The Supplemental Convention with Switzerland, on the other hand, relieves a requesting country from the need to provide a specific name to the requested country in order to obtain information about a person and in order to identify the person in possession of that information.  Since the requesting country is often in need of the name — that is the reason for the request in the first place — a requirement that the name be given in order to obtain the requested information might often render the information exchange provision nugatory.  Thus, this Supplementary Convention responds to a real problem, and despite my abiding skepticism about information exchange via tax convention, I can see no substantial objection to it.

The Agreement with Hong Kong and the new Convention with Poland are a different, and much larger and more complicated, matter.  A major concern with jurisdictions that lend themselves (and their treaty networks) to investors from elsewhere is the possibility that their conventions became, in effect, agreements with the entire world.  In the United States we think most tax conventions are bilateral in nature and that the benefits they confer should be confined to persons with a genuine connection with one of the treaty partners.

One means of implementing this policy is simply not to enter into conventions with jurisdictions that serve as intermediaries, especially if there is no demonstration of a genuine risk of double taxation.  Regrettably, the United States has not always followed this route.  We have, for example, conventions with Bermuda, Cyprus, and Barbados, to name but three examples of jurisdictions where the need for a U.S. tax convention would not appear compelling.

Apart from the strategy of not negotiating conventions with certain jurisdictions, the United States relies on certain measures both within the text of its conventions and drawn from general jurisprudence to combat treaty shopping.  A Limitation on Benefits article requiring a genuine nexus between the party claiming benefits and the treaty partner is now standard in all modern U.S. tax conventions.  And the economic substance doctrine, recently enacted into U.S. statutory law but of lengthy vintage in our courts, has served as a potent weapon against at least some types of treaty shopping.

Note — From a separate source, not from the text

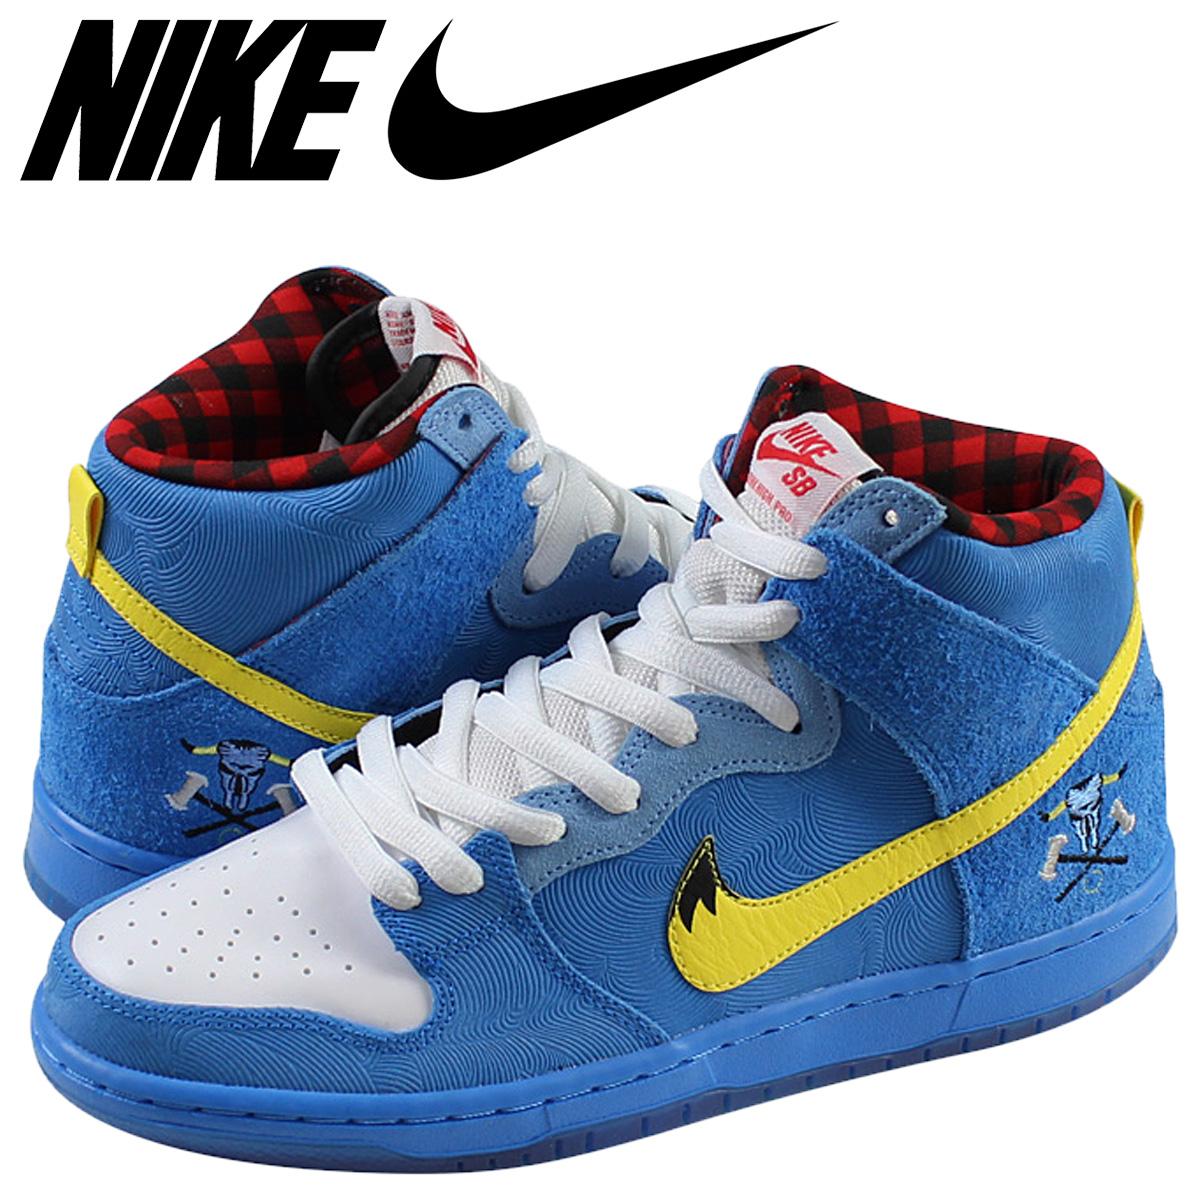 d1d2d718a85f ALLSPORTS  Nike NIKE dunk sneakers DUNK HIGH PREMIUM SB FAMILIA dunk ...

I note that paragraph 3 of Article 26 of both the Convention with Poland and the Agreement with Hong Kong represents an abbreviated version of what has become, in the United States, the Limitation on Benefits article.  The Article 26 provision, which also appears in the Conventions with Namibia and Serbia, effectively precludes foreign owned entities from enjoying a more beneficial regime in the treaty partner than domestically owned entities.  This is where early versions of the U.S. Limitation on Benefits provision began, but the provision has since gone much further.  Whether it has always been effective is an open question.

I conclude by citing a provision of this type that actually seems to work.  It appears in the U.S. Convention with Cyprus, and contains two substantive rules of general relevance:  first, that U.S. benefits are available only to Cypriot entities that are owned to a large extent (both legally and economically) by genuine individual residents of Cyprus or, in some limited circumstances, by citizens of the United States; and second, that such benefits are allowed when it is determined on a discretionary basis that the establishment, acquisition, and maintenance of the entity and the conduct of its operations did not have as a principal purpose obtaining benefits under the Convention.  The provision is general and, some might say, unacceptably vague.  Yet for that very reason it seems to have succeeded in thwarting attempts by third-country investors to use the Cyprus Convention to obtain inappropriate treaty benefits in the United States.

I will be happy to respond to any questions the Committee may have.